Returns in pKernel the handle of the kernel with name name located in library library. If kernel handle is not found, the call returns cudaErrorSymbolNotFound.

See also:

cudaLibraryLoadData, cudaLibraryLoadFromFile, cudaLibraryUnload, cuLibraryGetKernel

__host__cudaError_t cudaLibraryGetKernelCount ( unsigned int* count, cudaLibrary_t lib )
Returns the number of kernels within a library.
- Number of kernels found within the library
- Library to query

Returns in count the number of kernels in lib.

See also:

cudaLibraryEnumerateKernels, cudaLibraryLoadFromFile, cudaLibraryLoadData, cuLibraryGetKernelCount

__host__cudaError_t cudaLibraryGetManaged ( void** dptr, size_t* bytes, cudaLibrary_t library, const char* name )
Returns a pointer to managed memory.
- Returned pointer to the managed memory
- Returned memory size in bytes
- Library to retrieve managed memory from
- Name of managed memory to retrieve

Returns in *dptr and *bytes the base pointer and size of the managed memory with name name for the requested library library. If no managed memory with the requested name name exists, the call returns cudaErrorSymbolNotFound. One of the parameters dptr or bytes (not both) can be NULL in which case it is ignored. Note that managed memory for library library is shared across devices and is registered when the library is loaded. The returned dptr cannot be passed to the Symbol APIs such as cudaMemcpyToSymbol, cudaMemcpyFromSymbol, cudaGetSymbolAddress, or cudaGetSymbolSize.

See also:

cudaLibraryLoadData, cudaLibraryLoadFromFile, cudaLibraryUnload, cudaLibraryGetGlobal, cuLibraryGetManaged

__host__cudaError_t cudaLibraryGetUnifiedFunction ( void** fptr, cudaLibrary_t library, const char* symbol )
Returns a pointer to a unified function.
- Returned pointer to a unified function
- Library to retrieve function pointer memory from
- Name of function pointer to retrieve

Returns in *fptr the function pointer to a unified function denoted by symbol. If no unified function with name symbol exists, the call returns cudaErrorSymbolNotFound. If there is no device with attribute cudaDeviceProp::unifiedFunctionPointers present in the system, the call may return cudaErrorSymbolNotFound.

See also:

cudaLibraryLoadData, cudaLibraryLoadFromFile, cudaLibraryUnload, cuLibraryGetUnifiedFunction

__host__cudaError_t cudaLibraryLoadData ( cudaLibrary_t* library, const void* code, cudaJitOption ** jitOptions, void** jitOptionsValues, unsigned int  numJitOptions, cudaLibraryOption ** libraryOptions, void** libraryOptionValues, unsigned int  numLibraryOptions )
Load a library with specified code and options.
- Returned library
- Code to load
- Options for JIT
- Option values for JIT
- Number of options
- Options for loading
- Option values for loading
- Number of options for loading

Takes a pointer code and loads the corresponding library library based on the application defined library loading mode:

  • If module loading is set to EAGER, via the environment variables described in "Module loading", library is loaded eagerly into all contexts at the time of the call and future contexts at the time of creation until the library is unloaded with cudaLibraryUnload().

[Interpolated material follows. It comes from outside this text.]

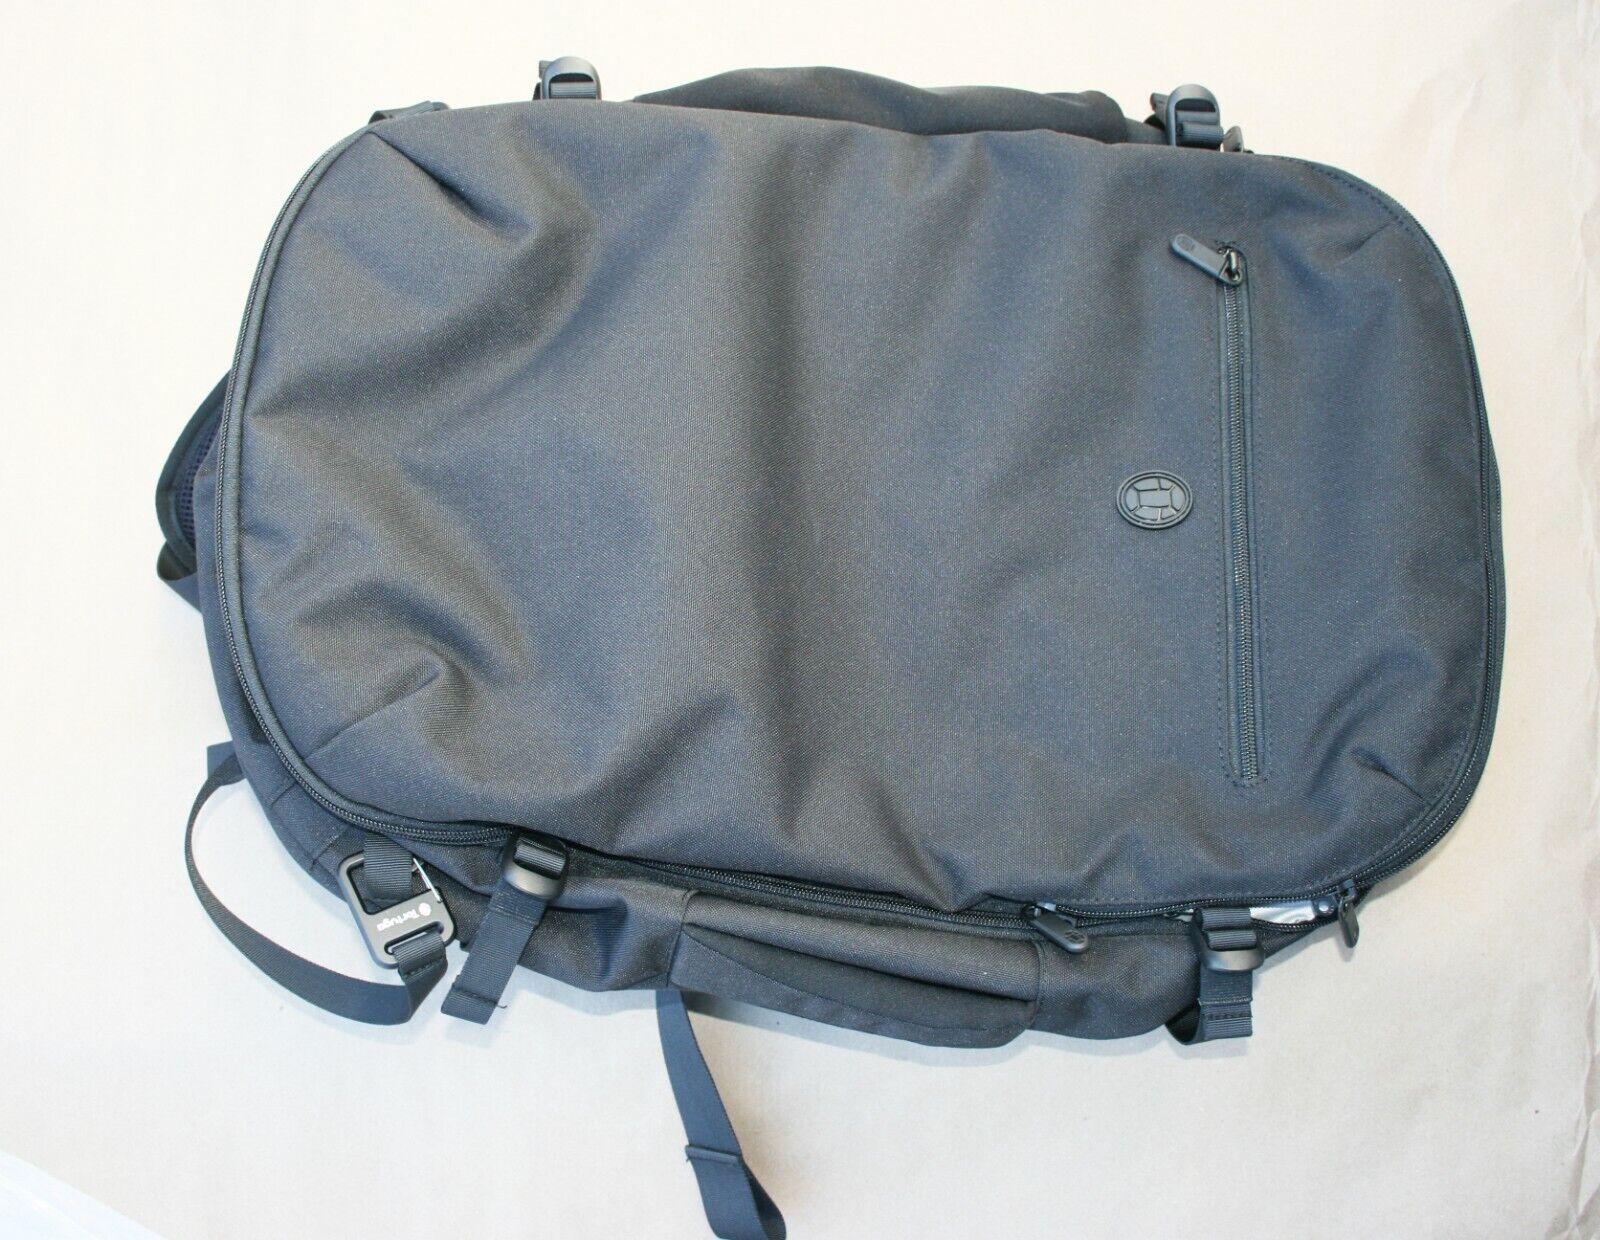 Tortuga Back Pack Women - $149.00

  • If the environment variables are set to LAZY, library is not immediately loaded onto all existent contexts and will only be loaded when a function is needed for that context, such as a kernel launch.

These environment variables are described in the CUDA programming guide under the "CUDA environment variables" section.

The code may be a cubin or fatbin as output by nvcc, or a NULL-terminated PTX, either as output by nvcc or hand-written. A fatbin should also contain relocatable code when doing separate compilation. Please also see the documentation for nvrtc (https://docs.nvidia.com/cuda/nvrtc/index.html), nvjitlink (https://docs.nvidia.com/cuda/nvjitlink/index.html), and nvfatbin (https://docs.nvidia.com/cuda/nvfatbin/index.html) for more information on generating loadable code at runtime.

Options are passed as an array via jitOptions and any corresponding parameters are passed in jitOptionsValues. The number of total JIT options is supplied via numJitOptions. Any outputs will be returned via jitOptionsValues.

Library load options are passed as an array via libraryOptions and any corresponding parameters are passed in libraryOptionValues. The number of total library load options is supplied via numLibraryOptions.

See also:

cudaLibraryLoadFromFile, cudaLibraryUnload, cuLibraryLoadData

__host__cudaError_t cudaLibraryLoadFromFile ( cudaLibrary_t* library, const char* fileName, cudaJitOption ** jitOptions, void** jitOptionsValues, unsigned int  numJitOptions, cudaLibraryOption ** libraryOptions, void** libraryOptionValues, unsigned int  numLibraryOptions )
Load a library with specified file and options.
- Returned library
- File to load from
- Options for JIT
- Option values for JIT
- Number of options
- Options for loading
- Option values for loading
- Number of options for loading

Takes a pointer code and loads the corresponding library library based on the application defined library loading mode:

  • If module loading is set to EAGER, via the environment variables described in "Module loading", library is loaded eagerly into all contexts at the time of the call and future contexts at the time of creation until the library is unloaded with cudaLibraryUnload().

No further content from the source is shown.